Input START

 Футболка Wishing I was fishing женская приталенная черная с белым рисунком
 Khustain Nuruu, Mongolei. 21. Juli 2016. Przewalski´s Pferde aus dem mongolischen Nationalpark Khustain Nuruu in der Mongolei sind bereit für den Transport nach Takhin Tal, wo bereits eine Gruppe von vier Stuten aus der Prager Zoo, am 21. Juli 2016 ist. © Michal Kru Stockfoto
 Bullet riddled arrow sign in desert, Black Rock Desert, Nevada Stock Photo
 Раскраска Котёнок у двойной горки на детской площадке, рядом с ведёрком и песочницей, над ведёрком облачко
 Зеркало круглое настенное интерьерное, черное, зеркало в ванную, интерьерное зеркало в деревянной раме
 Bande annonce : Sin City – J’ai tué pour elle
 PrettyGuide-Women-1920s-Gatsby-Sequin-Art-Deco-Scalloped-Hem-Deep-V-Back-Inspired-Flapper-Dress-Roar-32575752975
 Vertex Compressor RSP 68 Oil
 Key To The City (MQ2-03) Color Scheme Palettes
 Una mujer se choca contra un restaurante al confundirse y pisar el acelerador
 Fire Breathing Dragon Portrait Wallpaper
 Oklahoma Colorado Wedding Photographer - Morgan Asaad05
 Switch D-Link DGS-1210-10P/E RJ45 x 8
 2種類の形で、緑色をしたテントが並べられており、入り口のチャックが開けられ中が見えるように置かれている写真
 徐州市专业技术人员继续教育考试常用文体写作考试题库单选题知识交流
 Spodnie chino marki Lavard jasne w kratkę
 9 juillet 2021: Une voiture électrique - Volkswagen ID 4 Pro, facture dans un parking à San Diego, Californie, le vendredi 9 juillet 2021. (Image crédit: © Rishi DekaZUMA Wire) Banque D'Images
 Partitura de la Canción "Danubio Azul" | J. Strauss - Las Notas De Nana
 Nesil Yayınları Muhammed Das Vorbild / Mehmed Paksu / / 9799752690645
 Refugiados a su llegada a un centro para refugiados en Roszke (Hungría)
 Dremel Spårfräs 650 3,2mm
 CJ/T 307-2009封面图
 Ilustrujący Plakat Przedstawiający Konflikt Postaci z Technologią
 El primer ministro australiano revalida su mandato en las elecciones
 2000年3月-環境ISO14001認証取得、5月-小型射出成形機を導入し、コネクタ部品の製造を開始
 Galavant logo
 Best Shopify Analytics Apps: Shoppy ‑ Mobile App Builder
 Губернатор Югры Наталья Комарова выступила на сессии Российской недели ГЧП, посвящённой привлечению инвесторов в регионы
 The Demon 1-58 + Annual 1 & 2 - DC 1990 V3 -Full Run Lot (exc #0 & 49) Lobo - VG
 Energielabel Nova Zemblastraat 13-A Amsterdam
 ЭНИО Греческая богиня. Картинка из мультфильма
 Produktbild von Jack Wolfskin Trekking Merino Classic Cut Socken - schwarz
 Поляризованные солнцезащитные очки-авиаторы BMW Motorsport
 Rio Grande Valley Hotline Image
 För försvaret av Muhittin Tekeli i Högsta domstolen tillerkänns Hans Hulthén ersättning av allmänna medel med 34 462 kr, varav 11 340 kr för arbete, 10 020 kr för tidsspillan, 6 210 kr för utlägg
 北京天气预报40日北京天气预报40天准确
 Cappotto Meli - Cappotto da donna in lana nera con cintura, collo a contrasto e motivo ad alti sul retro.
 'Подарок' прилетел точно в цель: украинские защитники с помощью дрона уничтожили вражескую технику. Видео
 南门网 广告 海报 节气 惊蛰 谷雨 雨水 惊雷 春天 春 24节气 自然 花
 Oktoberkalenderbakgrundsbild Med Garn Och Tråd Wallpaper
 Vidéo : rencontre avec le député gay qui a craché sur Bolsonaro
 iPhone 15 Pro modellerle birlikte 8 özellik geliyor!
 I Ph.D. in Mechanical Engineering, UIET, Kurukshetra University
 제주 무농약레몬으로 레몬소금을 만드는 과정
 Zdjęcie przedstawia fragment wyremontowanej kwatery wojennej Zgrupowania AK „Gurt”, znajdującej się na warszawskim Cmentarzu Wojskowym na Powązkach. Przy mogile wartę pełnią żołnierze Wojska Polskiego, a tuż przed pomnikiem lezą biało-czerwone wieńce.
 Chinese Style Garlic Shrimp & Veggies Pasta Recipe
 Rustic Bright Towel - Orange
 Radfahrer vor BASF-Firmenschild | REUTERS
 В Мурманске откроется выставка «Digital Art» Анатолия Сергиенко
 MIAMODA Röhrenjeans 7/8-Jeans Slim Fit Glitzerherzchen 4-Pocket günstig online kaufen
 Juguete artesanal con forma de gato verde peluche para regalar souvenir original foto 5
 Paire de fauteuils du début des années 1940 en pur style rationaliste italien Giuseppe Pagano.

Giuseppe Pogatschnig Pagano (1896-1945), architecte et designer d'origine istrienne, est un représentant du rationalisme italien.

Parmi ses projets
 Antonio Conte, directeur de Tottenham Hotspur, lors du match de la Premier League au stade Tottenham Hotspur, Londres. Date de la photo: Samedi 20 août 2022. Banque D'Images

Input END

» **What you will do**: Extract exactly and only the lines above from the line containing "Bande annonce : Sin" through the line containing "Una mujer se", both end lines included.

» **Task solution**:
 Bande annonce : Sin City – J’ai tué pour elle
 PrettyGuide-Women-1920s-Gatsby-Sequin-Art-Deco-Scalloped-Hem-Deep-V-Back-Inspired-Flapper-Dress-Roar-32575752975
 Vertex Compressor RSP 68 Oil
 Key To The City (MQ2-03) Color Scheme Palettes
 Una mujer se choca contra un restaurante al confundirse y pisar el acelerador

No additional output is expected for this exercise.